A foster student in Elk Grove Unified suggested creating a foster youth tree so that foster children would be noticed. Each metal leaf on the tree, sculpted by Brock Alexander of Locke, represents a foster child in Elk Grove. Photo: Mike Jones, Elk Grove Unified.

Among the winners and losers under California’s new budget, one student group stands out as a big winner: the state’s 42,000 school-age foster children. Often neglected by their schools as well as their families, foster youth can no longer be ignored.

Schools, districts and county offices will be held accountable for the academic progress of their foster youth as a separate subgroup under the state’s Academic Performance Index. The API measures the performance of a school’s students as a whole, but also tracks the performance of separate subgroups of traditionally low-achieving students; current subgroups are based on ethnicity and family income, and also include disabled students and English learners.

California is the first state to specifically track the academic performance of foster youth, according to the National Youth Law Center. In a nod to the relatively small numbers of foster children in a state with 6.2 million students, a school or district must have only 15 foster youth to qualify as a subgroup.
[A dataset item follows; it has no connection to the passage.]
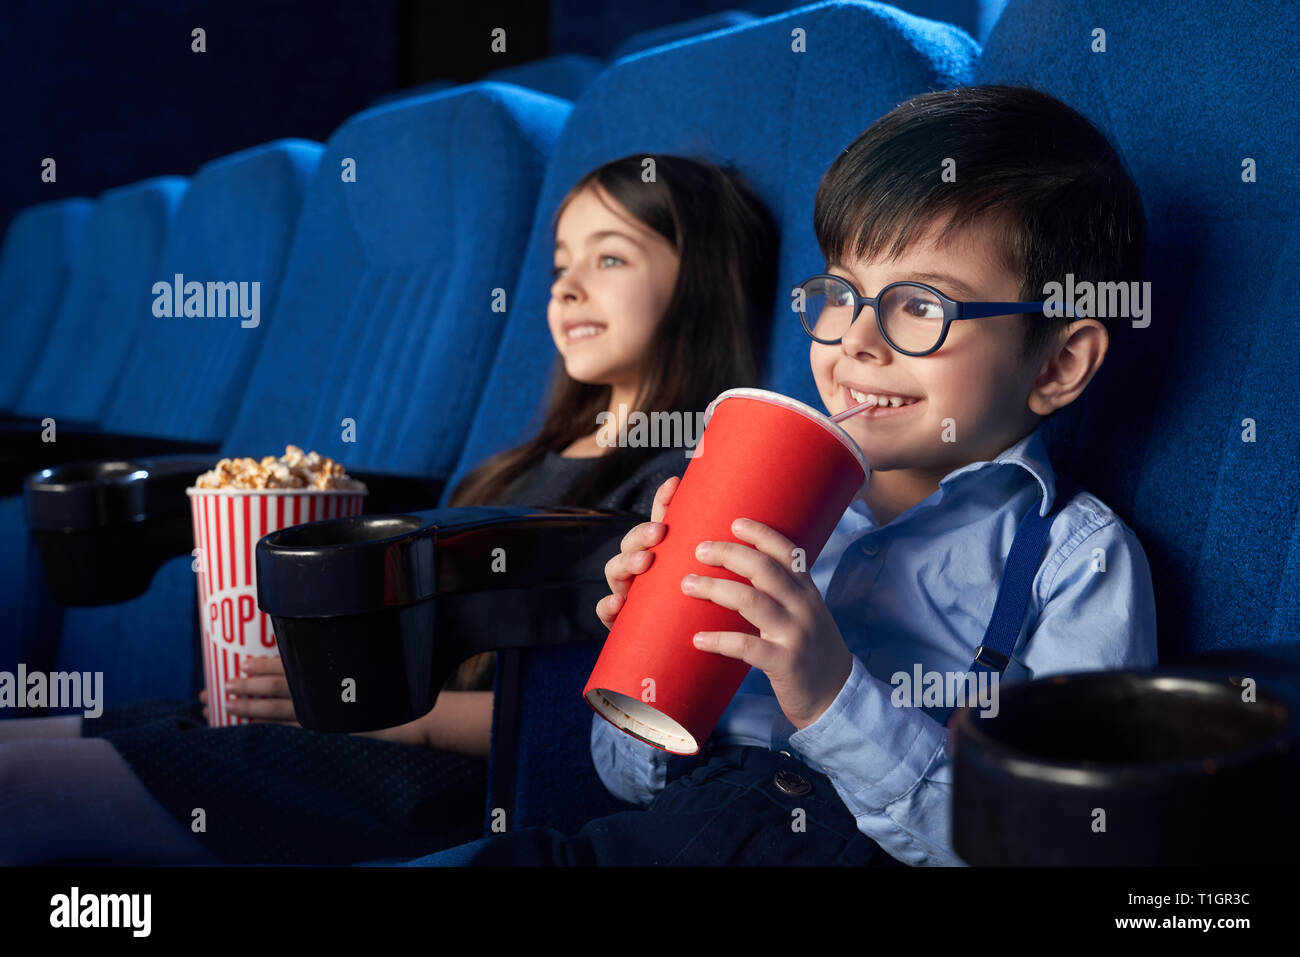 Zwei fröhliche, glückliche Kinder im Kino sitzen und beobachtete, Cartoon oder Film. Fröhlich, schöner Junge mit roten Papier Becher, Trank kohlensäurehaltige Getränke, hübsches Mädchen essen Popcorn. Stockfoto
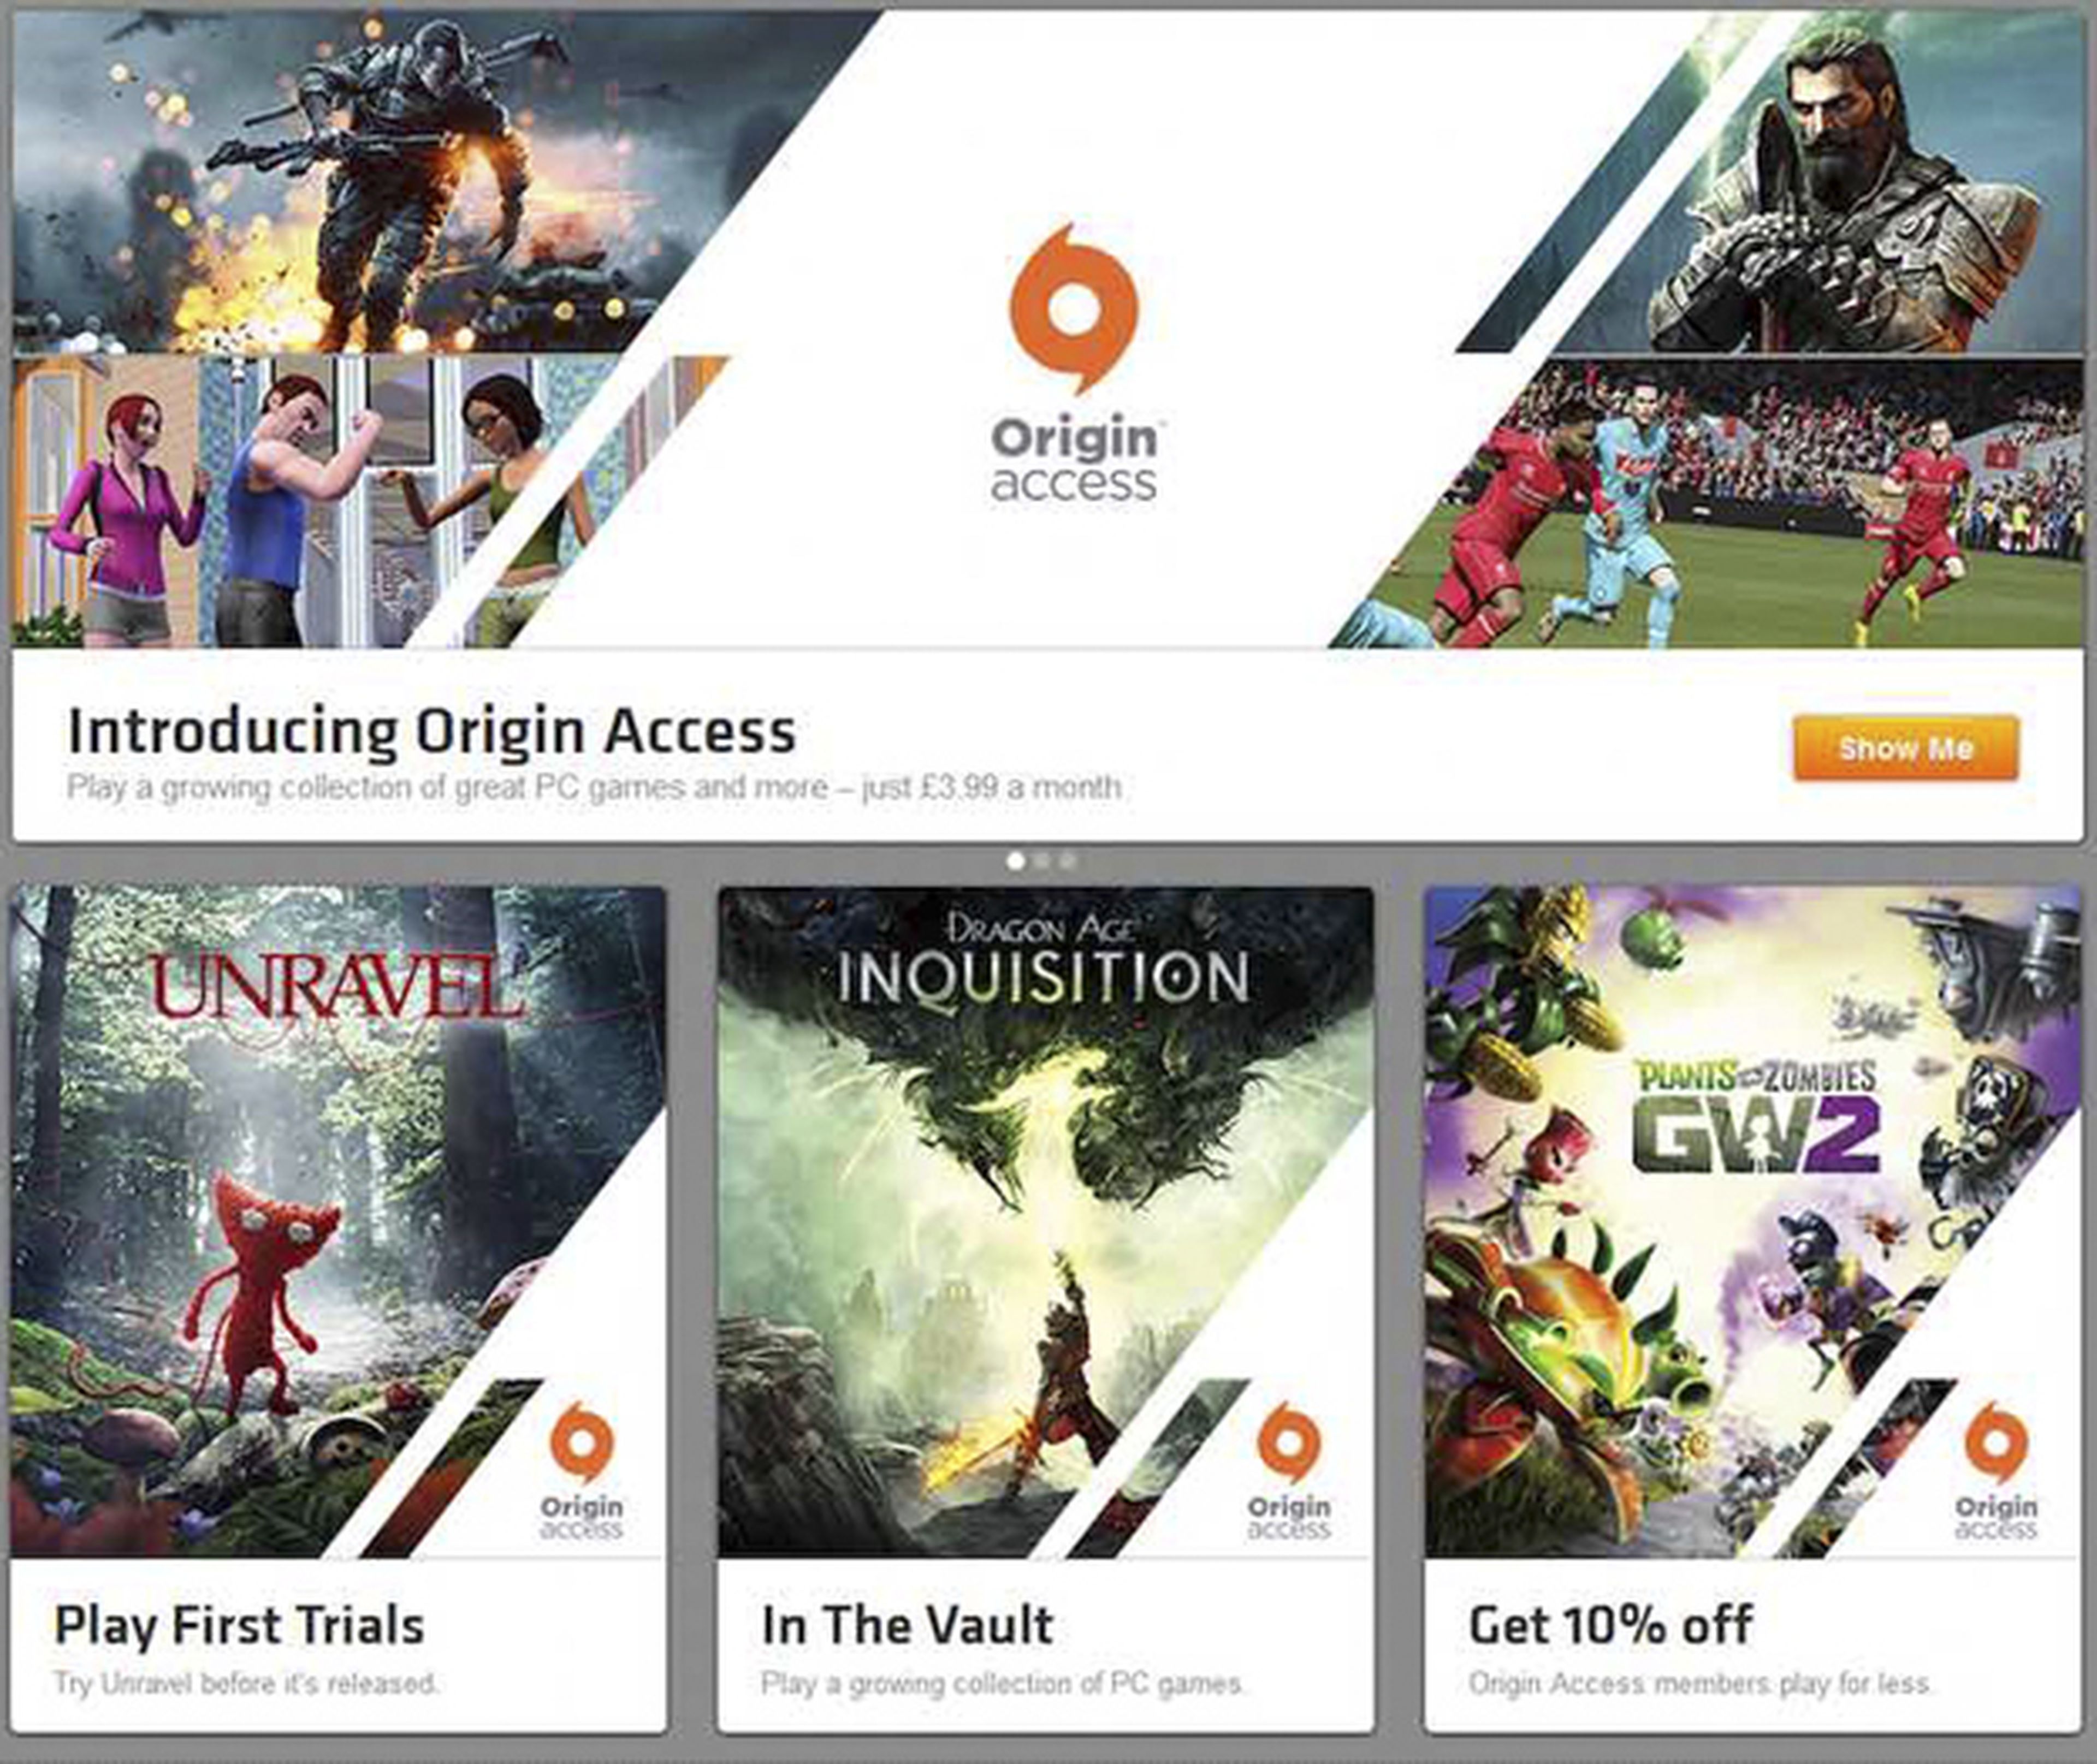 Servicio de videojuegos online de Origin, Origin Access

The other subgroups must have 30 members before a school is required to keep track.

“Foster children must have every opportunity to succeed in school and, by extension, in their careers and lives,” said Senate President pro Tem Darrell Steinberg, D-Sacramento, in an email. “The inclusion of students in foster care as a target group in our accountability system, combined with the smaller group size of 15, means that these children are no longer invisible in the API. That sends a strong signal that the educational success of children in foster care is one of our priorities.”

The Legislature is expected to vote on the budget plan Friday, with the governor signing the budget into law soon after.

“We anticipate that this legislation could be a model for other states to follow,” said Maya Cooper, FosterEd policy manager with the National Center for Youth Law. FosterEd is a national program, recently launched in California, that aims to develop an education advocate for every foster youth in the state, who typically struggle academically.

Foster children, who often have been neglected or abused, lack stability and can feel isolated and alienated from their peers and school. Only 45 percent graduate from high school nationwide, according to a California Department of Education report. Foster youth tend to be overlooked within schools because there are so few of them in each district, and districts often don’t know which of their students are in foster care. Additionally, many foster students move from home to home and from school to school, sometimes in the middle of the school year and often more than once.

Foster Youth Services preserved 

In addition to the accountability requirement, the new budget keeps the $15 million in dedicated funding for Foster Youth Services, which had been eliminated as a categorical program under earlier versions of the budget.

Foster Youth Services are typically run by county offices of education and ensure that foster students get academic counseling, tutoring, vocational training and transition services (such as ensuring students don’t lose credits when they change schools and that counseling and tutoring programs continue). They also help prepare students to live on their own after they turn 18 and are emancipated – legally responsible for themselves. Advocates were concerned that if county offices could spend the funds on any educational purpose, they would be pressured by other interests to divert the money away from foster children.

The funding formula for districts in the budget also provides more funding for students based on whether they are low-income, English learners or in foster care. But because all foster students are low-income, districts will not receive additional funding for them.

FosterEd Director Jesse Hahnel

FosterEd Director Jesse Hahnel

“This budget is a huge victory for students in foster care,” said Jesse Hahnel, executive director of FosterEd, who worked with the governor’s office and Legislature to ensure the governor’s Local Control Funding Formula took notice of students in foster care. He pointed out another basic benefit in the budget for foster children: “By requiring data sharing between state and local child welfare and education agencies, the formula ensures school districts know which of their students are in foster care.”

“Foster children are our children,” Hahnel said. “We have a collective responsibility to ensure that foster children succeed in school.”